#### DIRECTIONS FOR THIS TASK:
Reproduction of part of the material below, pictures omitted: copy exactly, and only, the lines starting with the one with "ванная комната ванна витрина окна дерево" and going on through the one with "El As de Oro".

#### RECORD EXCERPTS:
+ + +

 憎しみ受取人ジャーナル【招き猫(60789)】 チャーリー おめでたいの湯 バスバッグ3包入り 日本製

+ + +

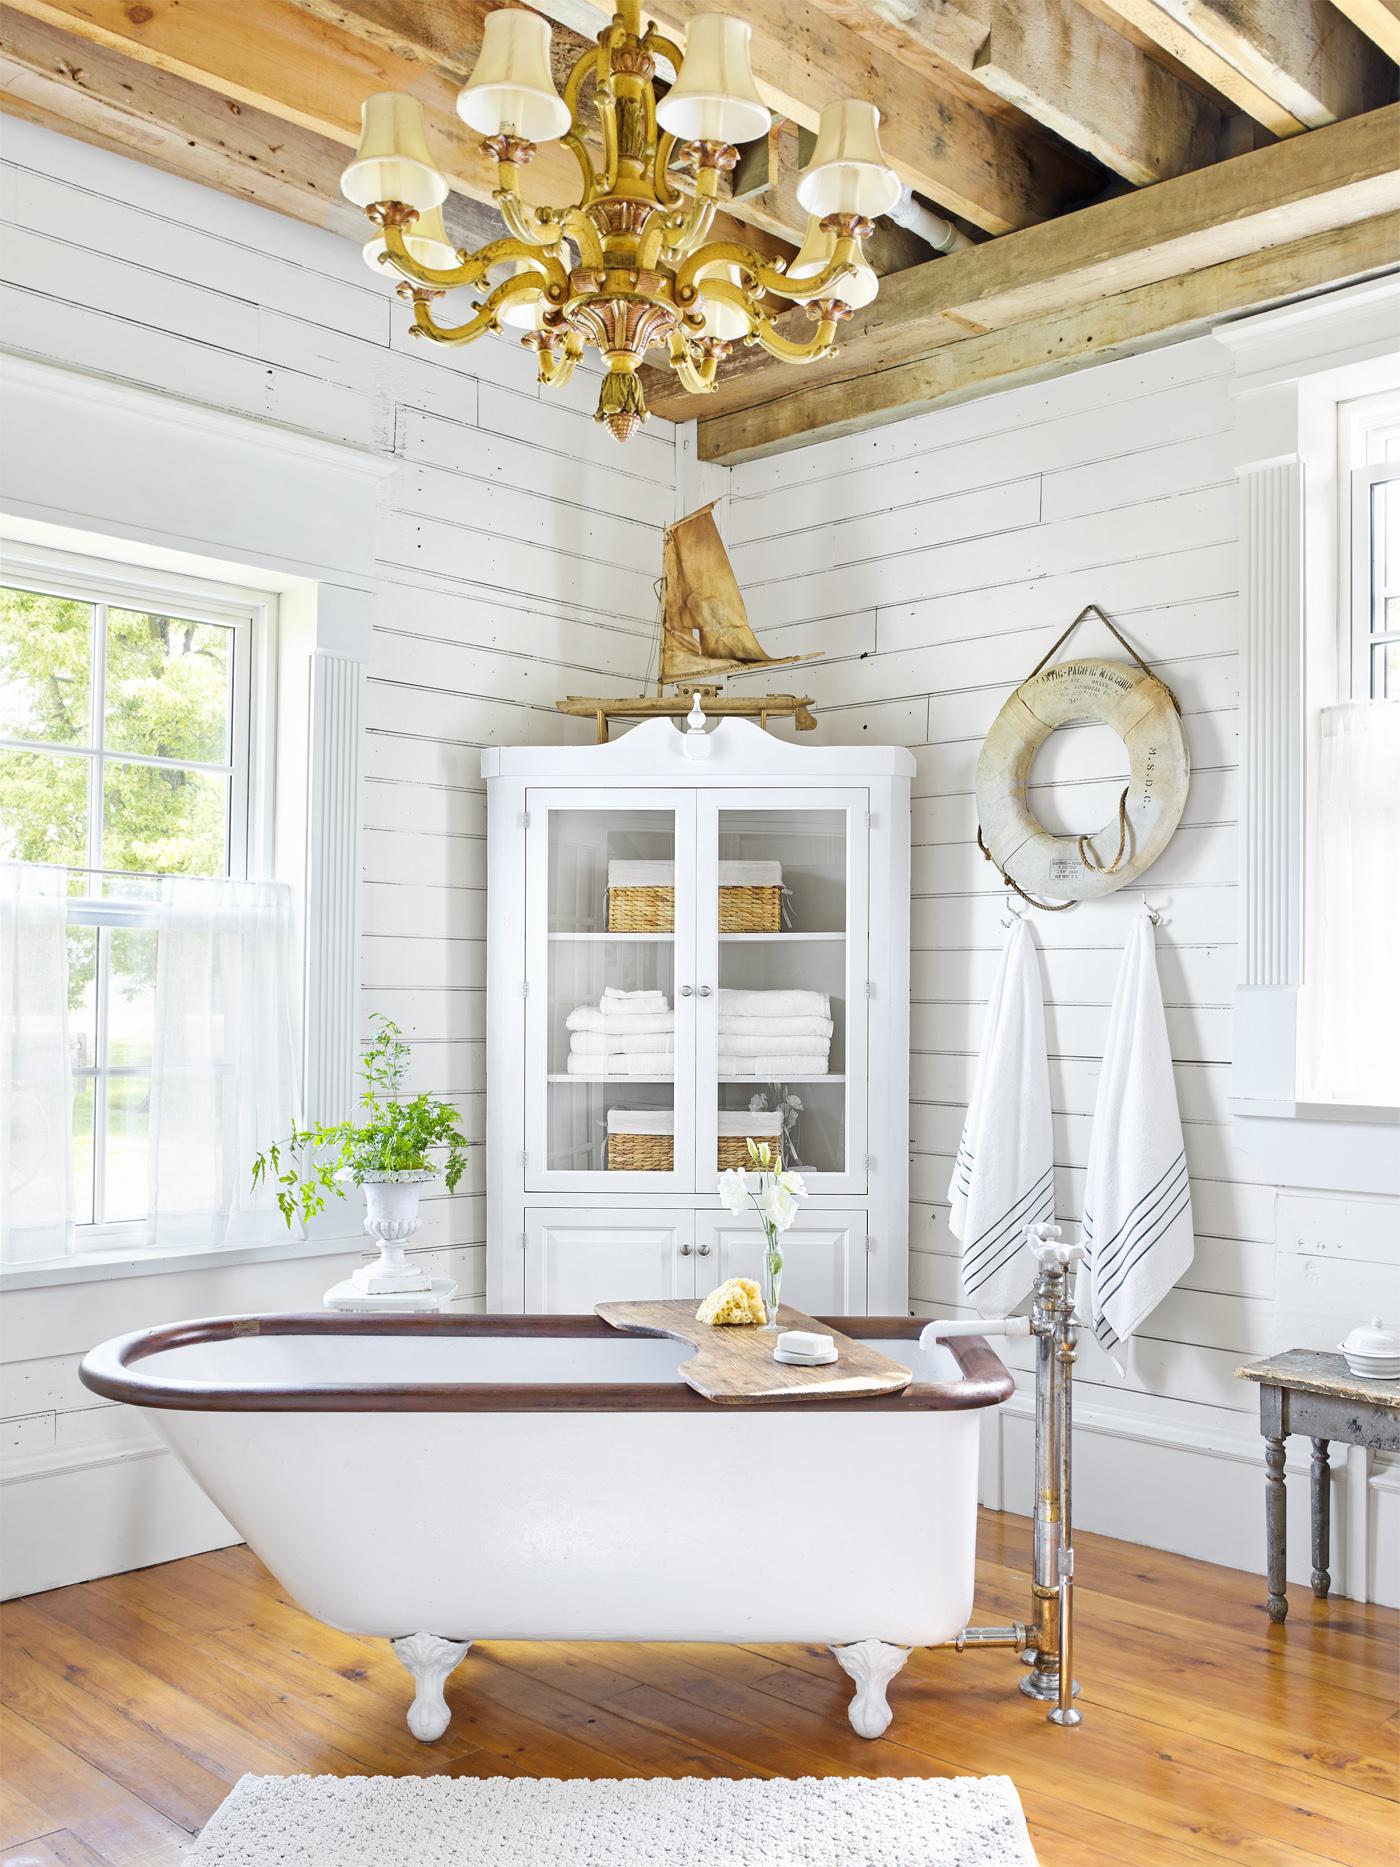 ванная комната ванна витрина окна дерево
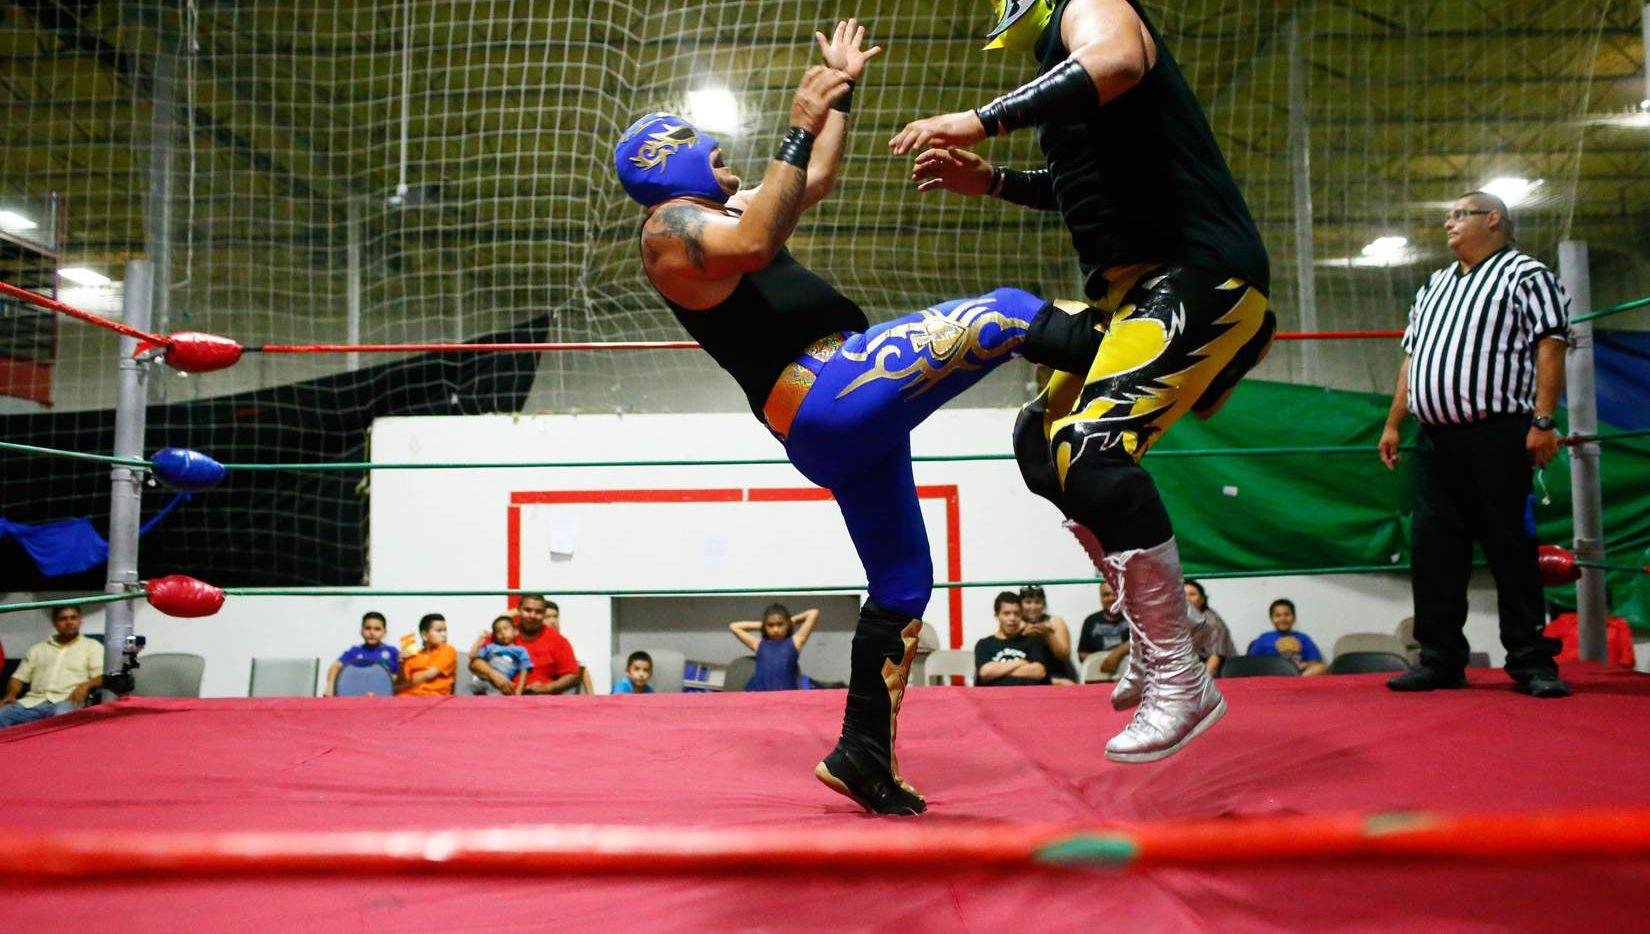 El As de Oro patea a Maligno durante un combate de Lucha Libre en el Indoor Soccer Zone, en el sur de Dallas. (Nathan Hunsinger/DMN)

+ + +

#### ANSWER SECTION:
 ванная комната ванна витрина окна дерево
 El As de Oro patea a Maligno durante un combate de Lucha Libre en el Indoor Soccer Zone, en el sur de Dallas. (Nathan Hunsinger/DMN)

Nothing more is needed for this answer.